After finding "Nach diesem Plan" in a line below, print that line and the rest of the lines exactly, leaving out all pictures.

(Dataset extract begins)

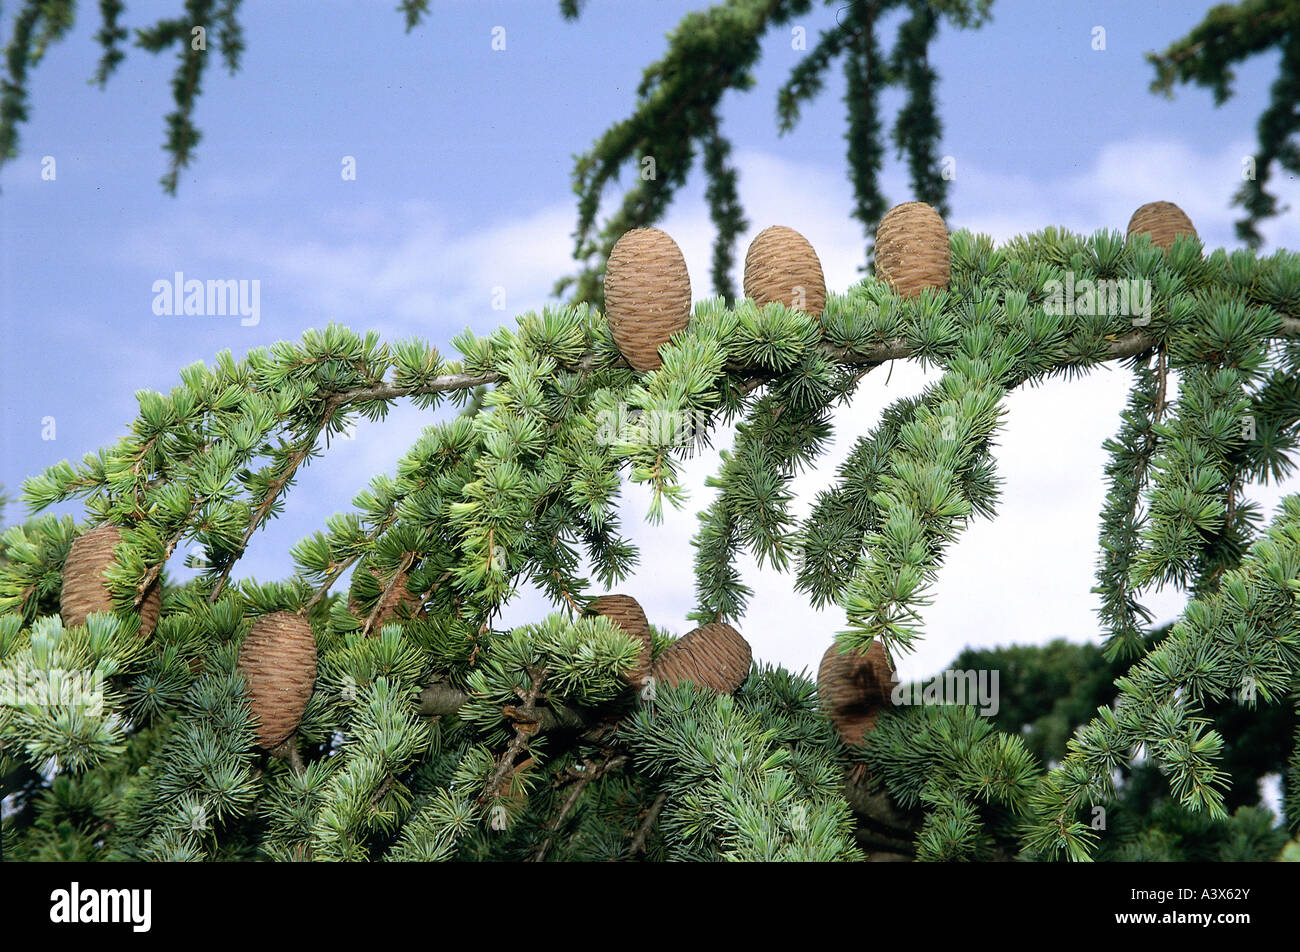 botany, Cedar, (Cedrus), Lebanon Cedar, (Cedrus libani), cones on branch, tree, cone, Pinaceae, Pinaophyta, Coniferales, green, Stock Photo
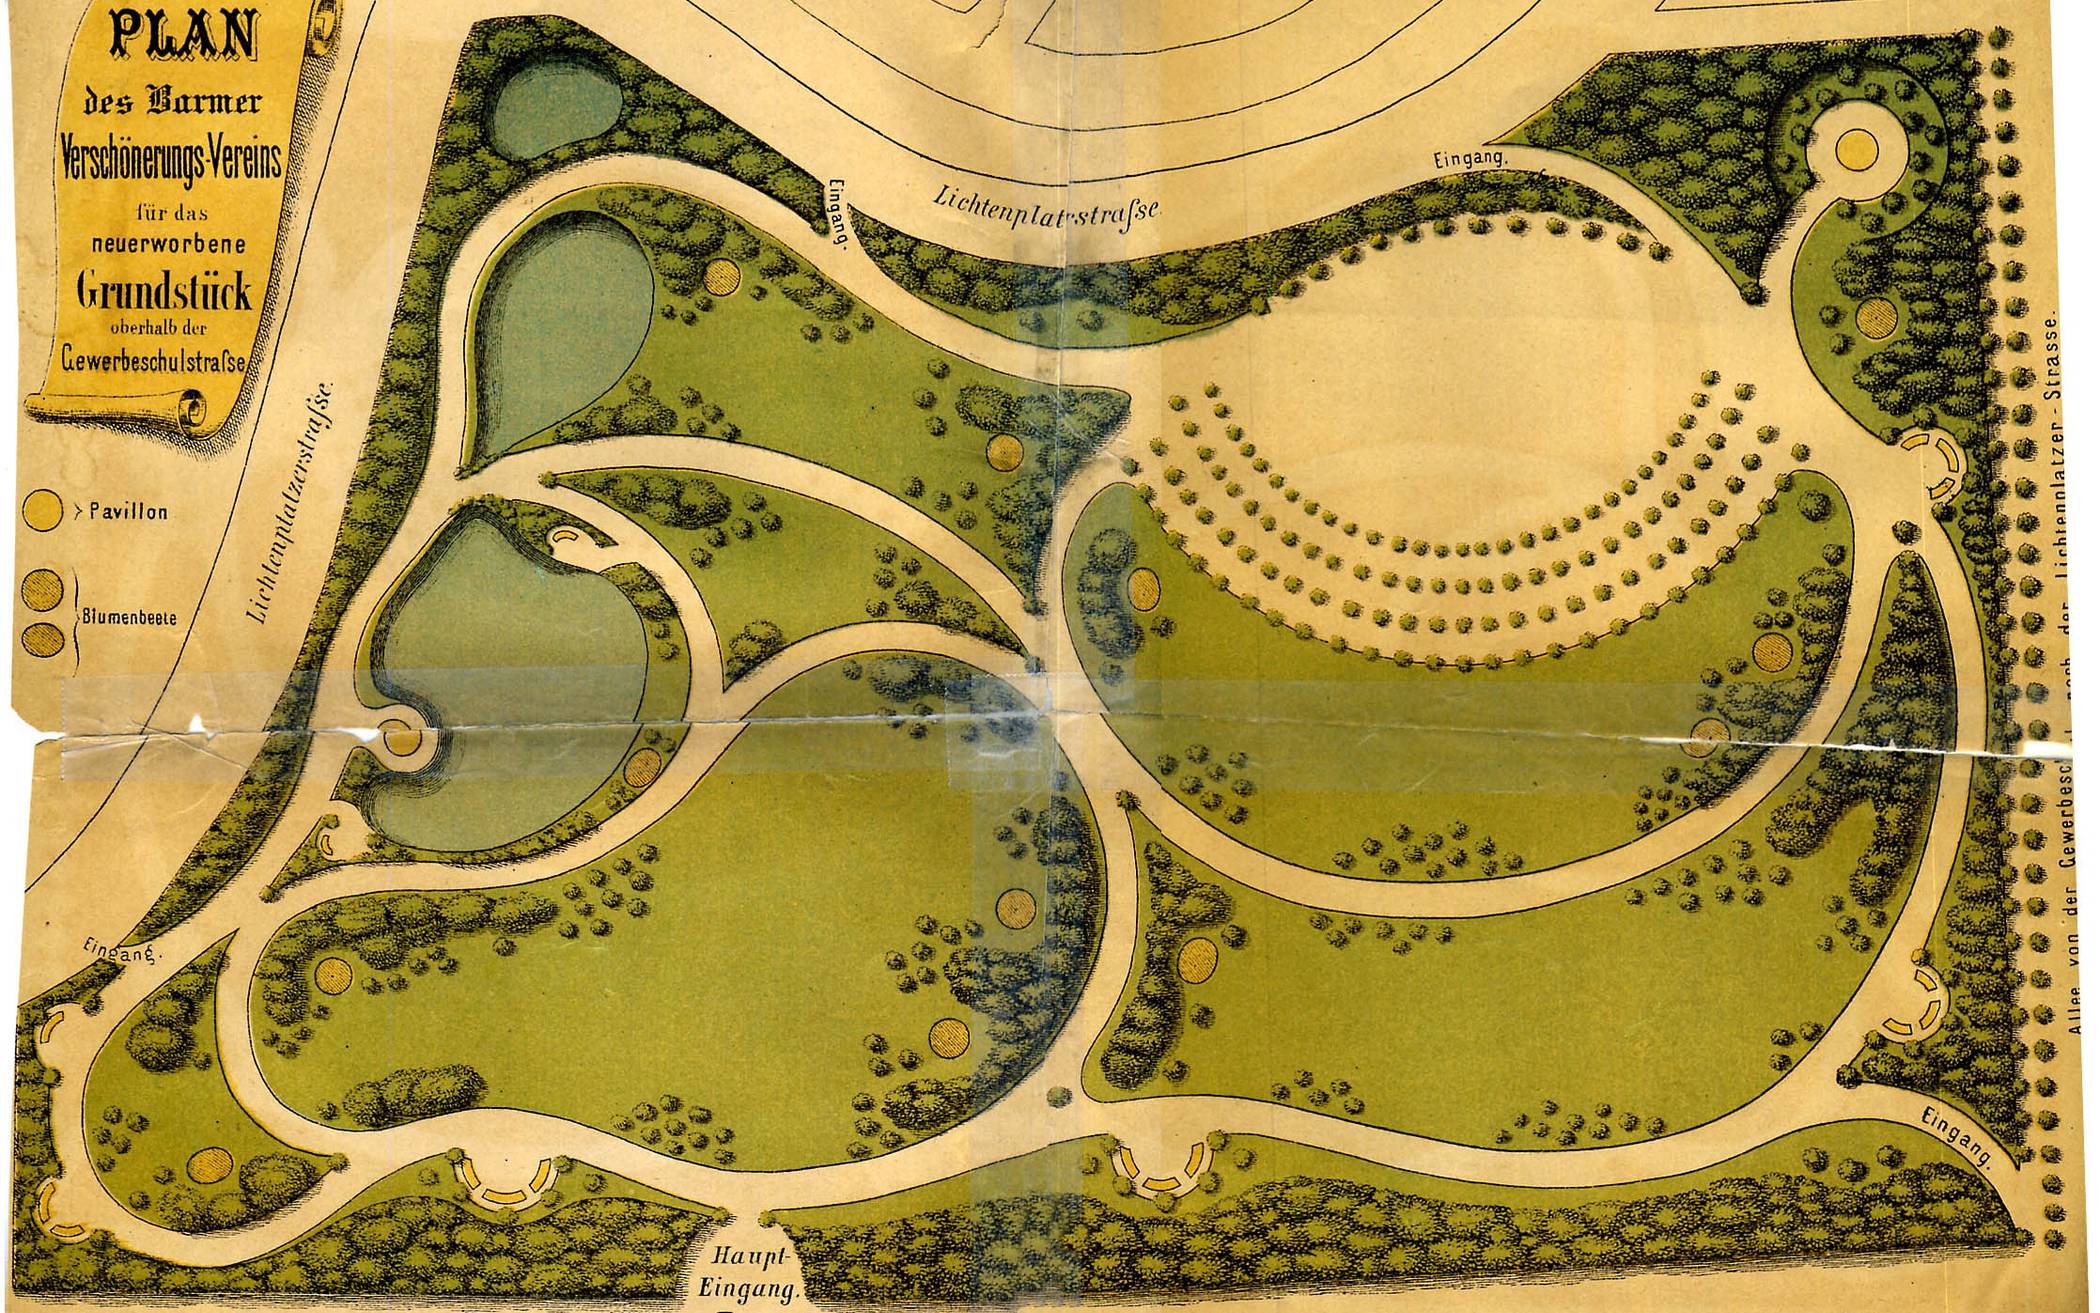  Nach diesem Plan von Joseph Clemens Weyhe sind die unteren Anlagen durch Peter Schölgen gestaltet worden. 
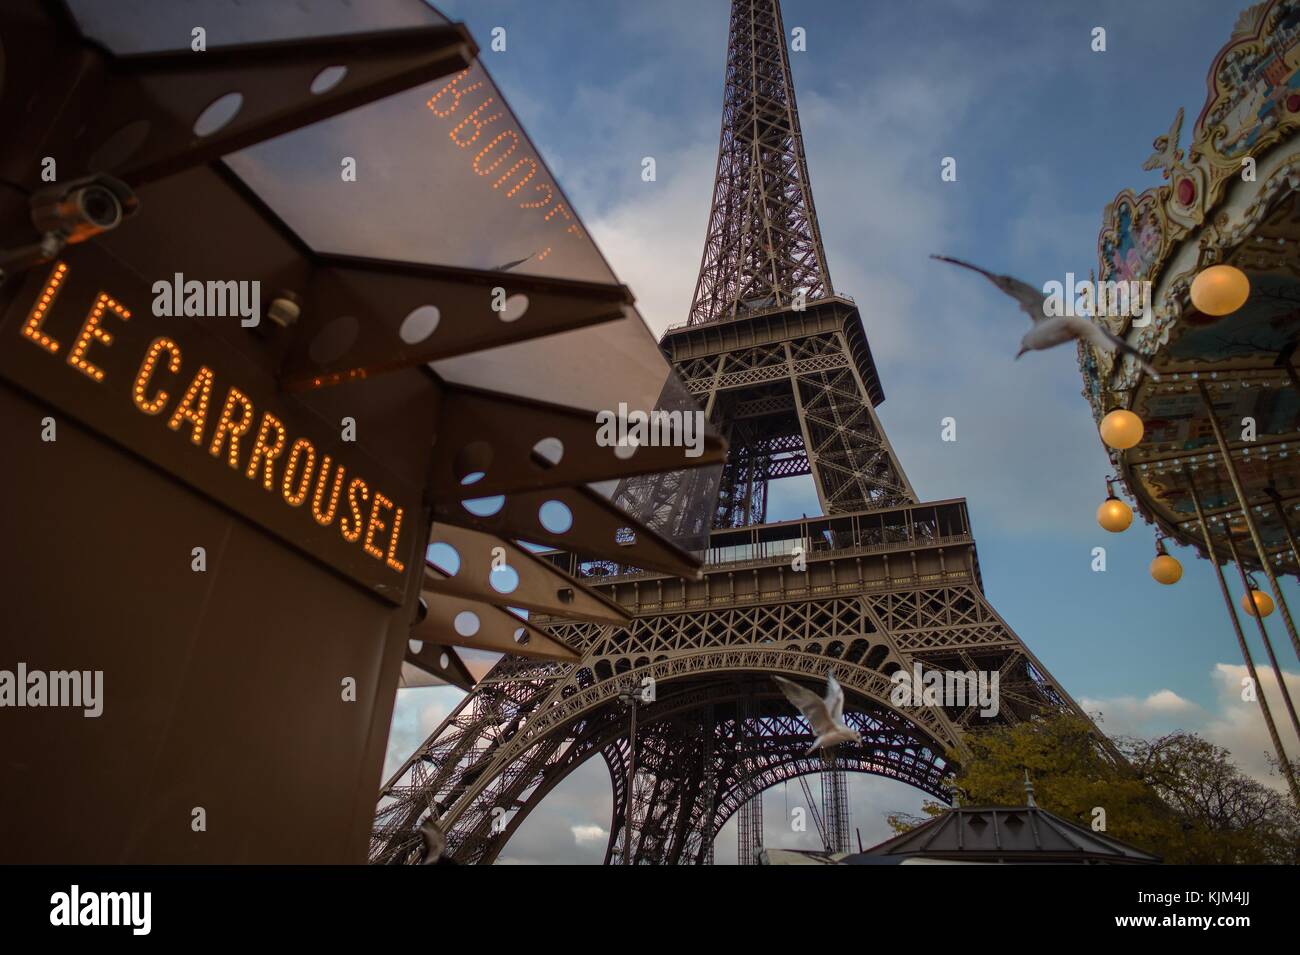 Eiffel Tower -  22/11/2012  -  France / Ile-de-France (region) / Paris  -  Eiffel Tower -  The iron lady of Paris, the Eiffel Tower   -  Sylvain Leser / Le Pictorium Stock Photo

(Dataset extract ends)

§ Task answer:
  Nach diesem Plan von Joseph Clemens Weyhe sind die unteren Anlagen durch Peter Schölgen gestaltet worden. 
 Eiffel Tower -  22/11/2012  -  France / Ile-de-France (region) / Paris  -  Eiffel Tower -  The iron lady of Paris, the Eiffel Tower   -  Sylvain Leser / Le Pictorium Stock Photo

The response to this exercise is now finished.